> **Given data**:
*****

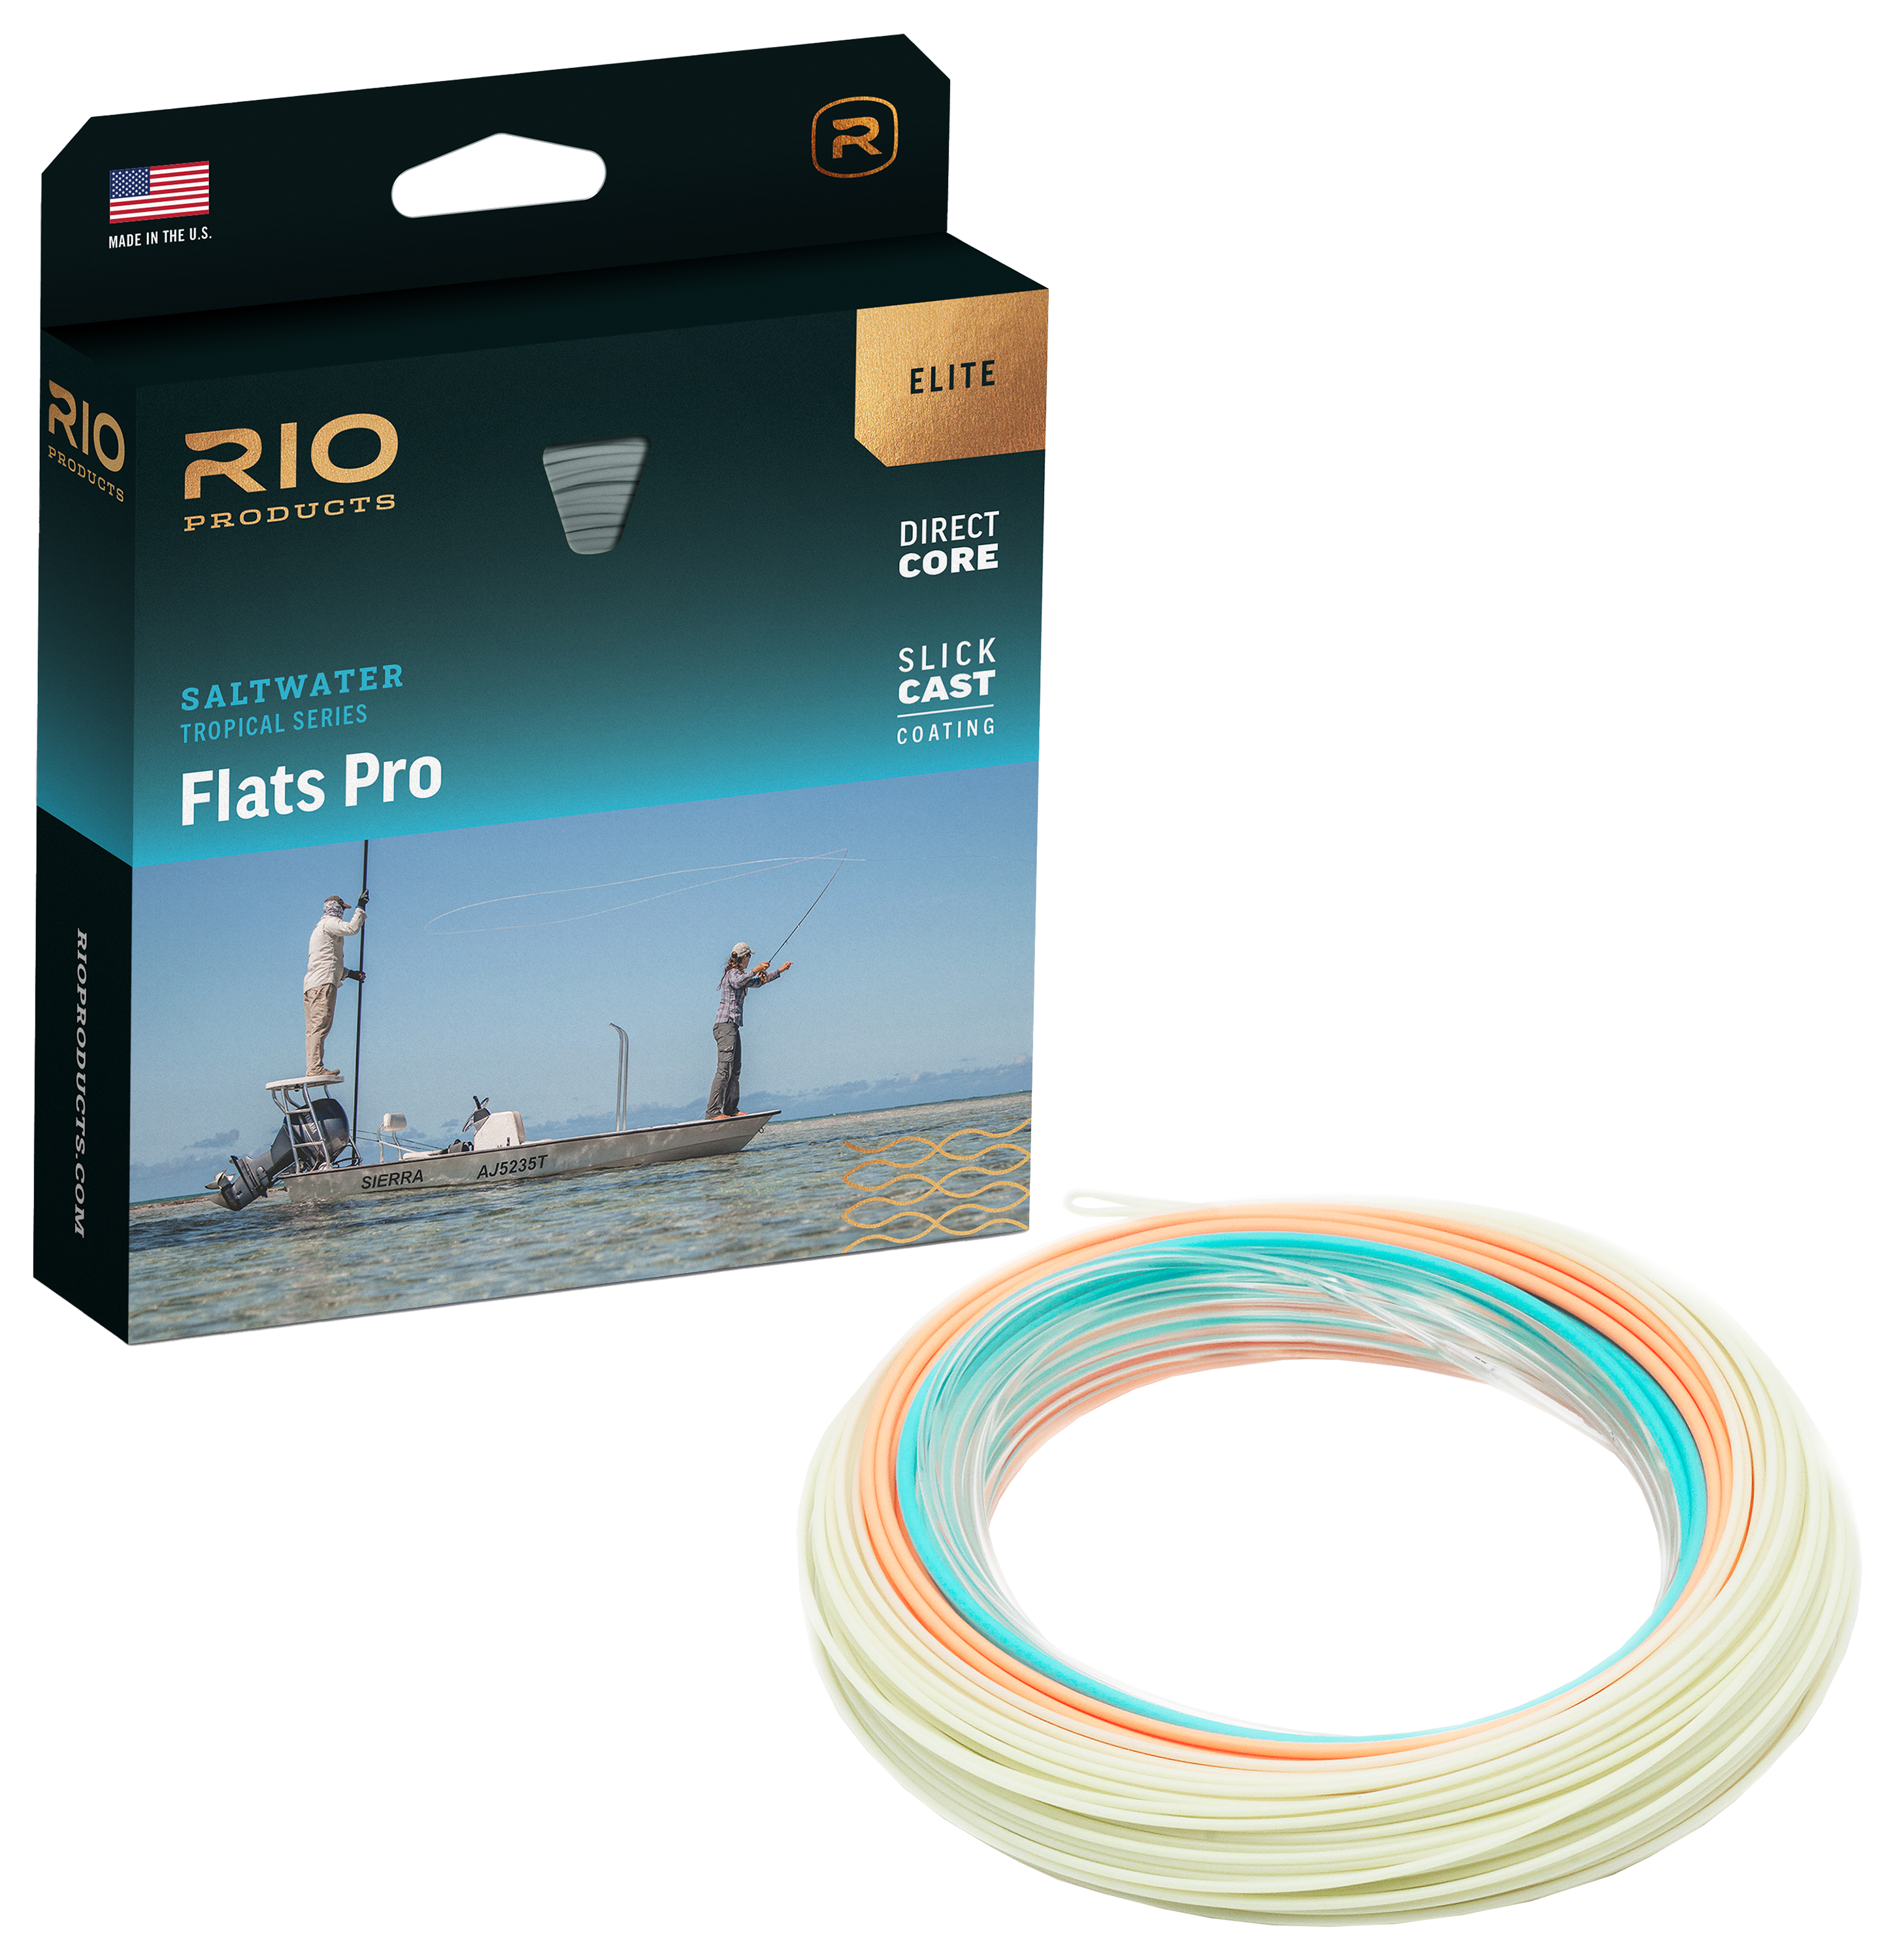 RIO Elite Flats Pro 15' Clear-Tip Fly Line - Clear/Aqua/Orange/Sand - 9
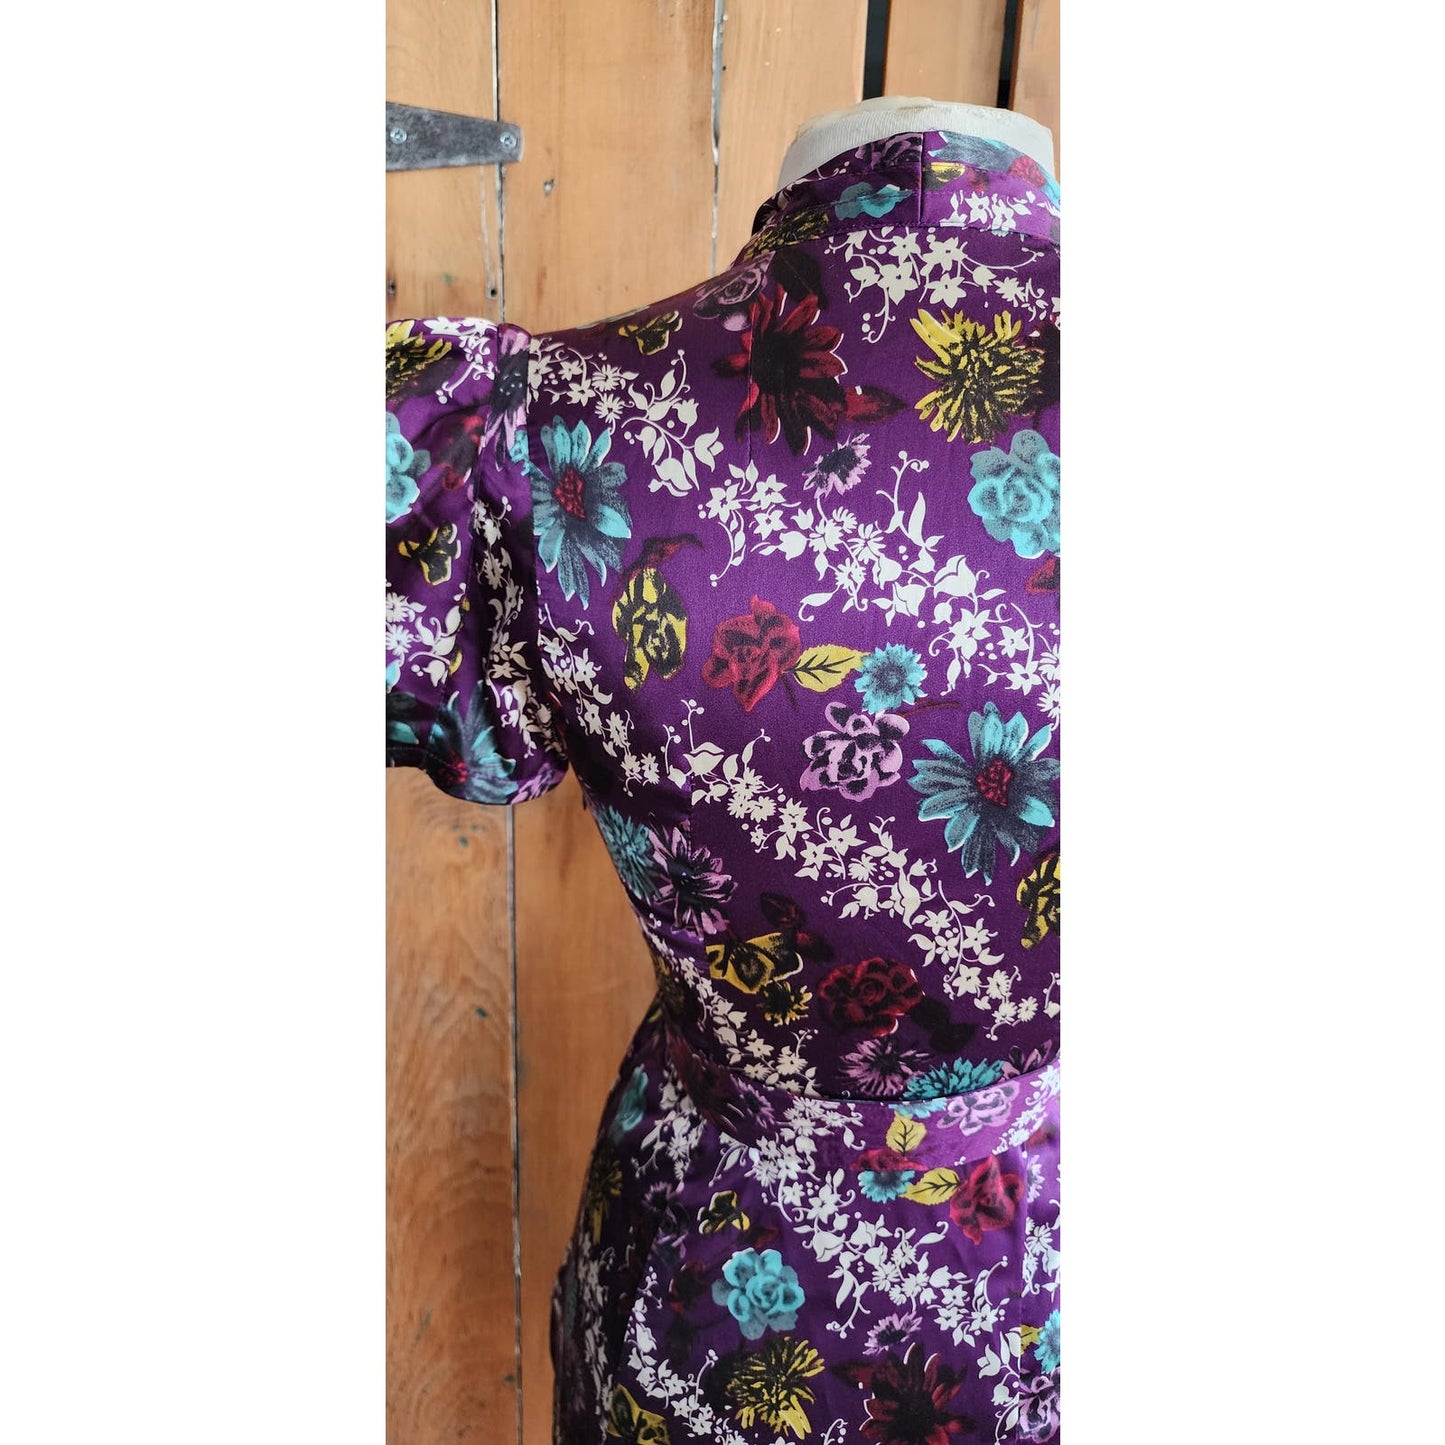 Vintage Betsey Johnson Purple Dress Floral Silkprint Puffed Sleeves
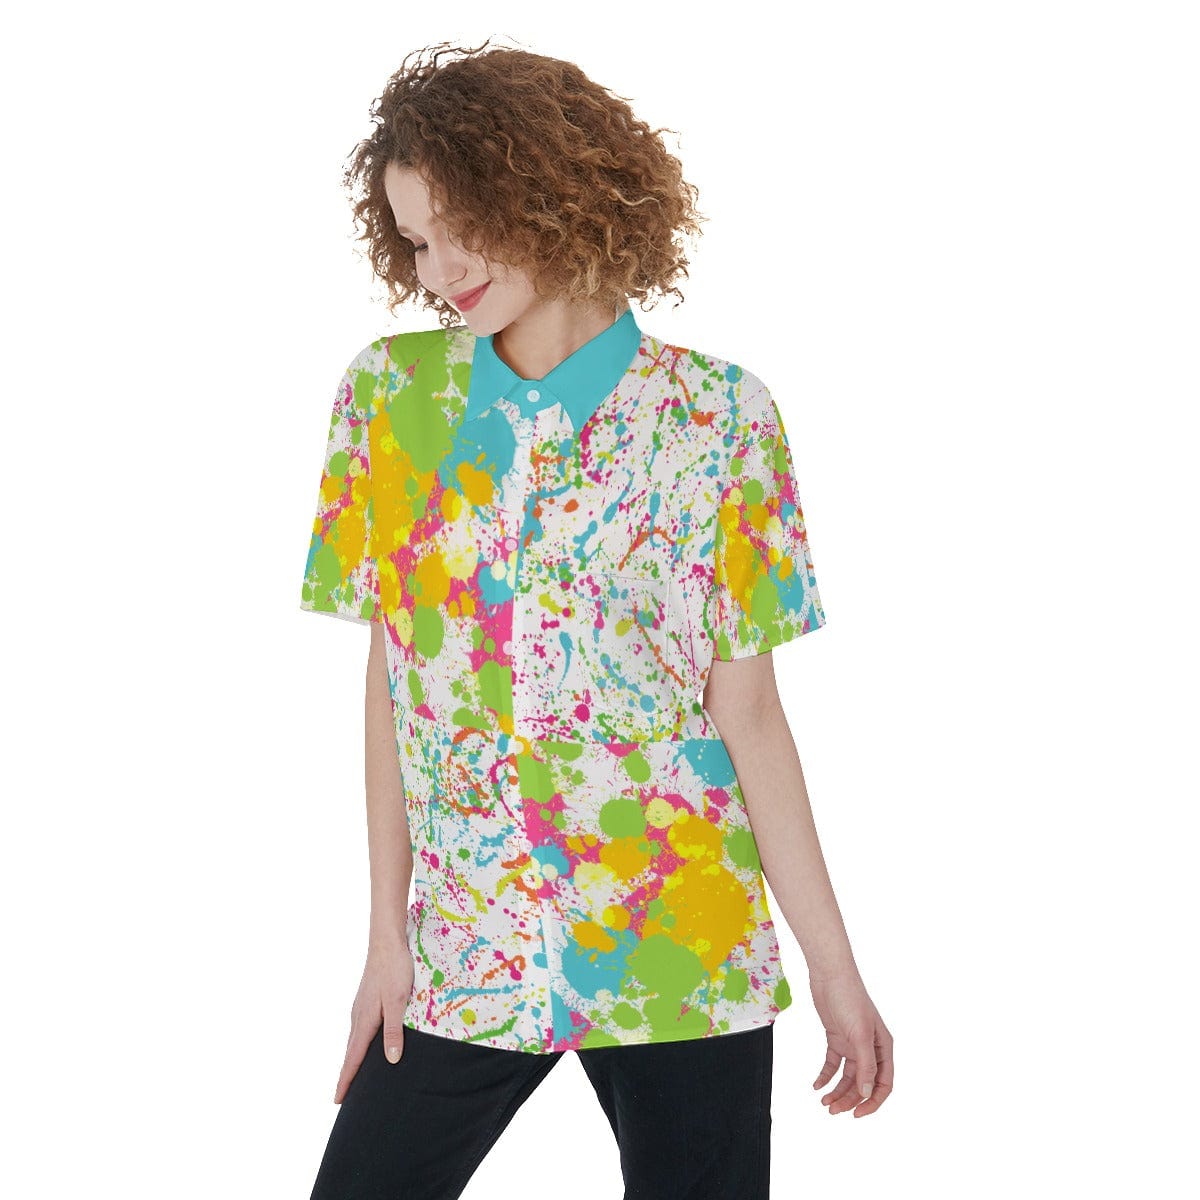 Yoycol Skirt Set 2XL / Paint Splatter Paint Splatter - Women's Short Sleeve Shirt With Pocket
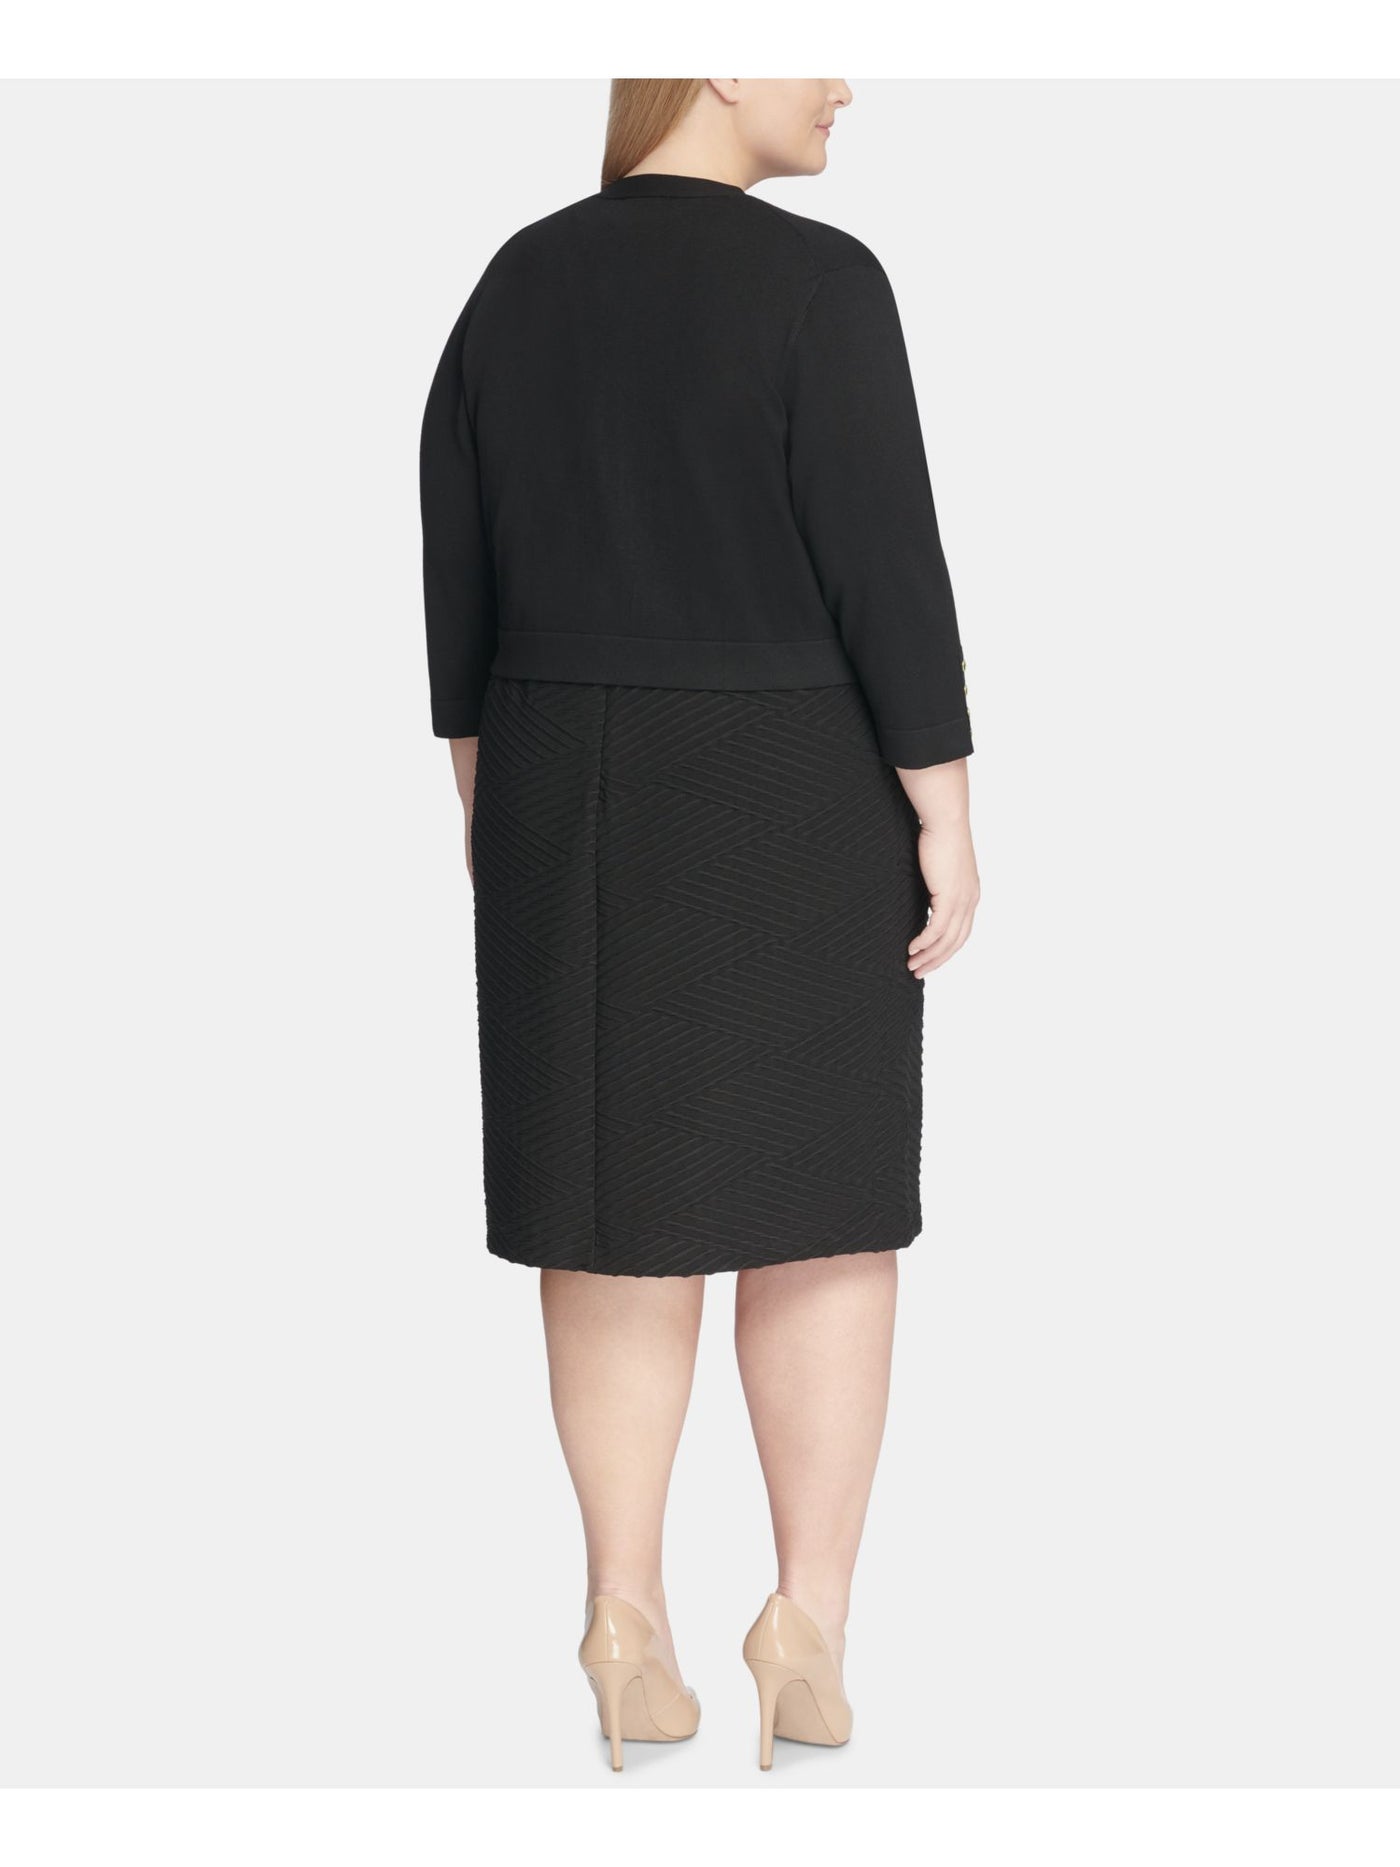 TOMMY HILFIGER Womens Black Long Sleeve Open Cardigan Wear To Work Sweater Plus 1X

*****

> **Problem statement**: Please print the span that begins at the line holding "Vintage Betsey Johnson" and ends at the last line of the data, both ends included, with no pictures.

> **Answer section**:
 Vintage Betsey Johnson Purple Dress Floral Silkprint Puffed Sleeves
 Yoycol Skirt Set 2XL / Paint Splatter Paint Splatter - Women's Short Sleeve Shirt With Pocket
 TOMMY HILFIGER Womens Black Long Sleeve Open Cardigan Wear To Work Sweater Plus 1X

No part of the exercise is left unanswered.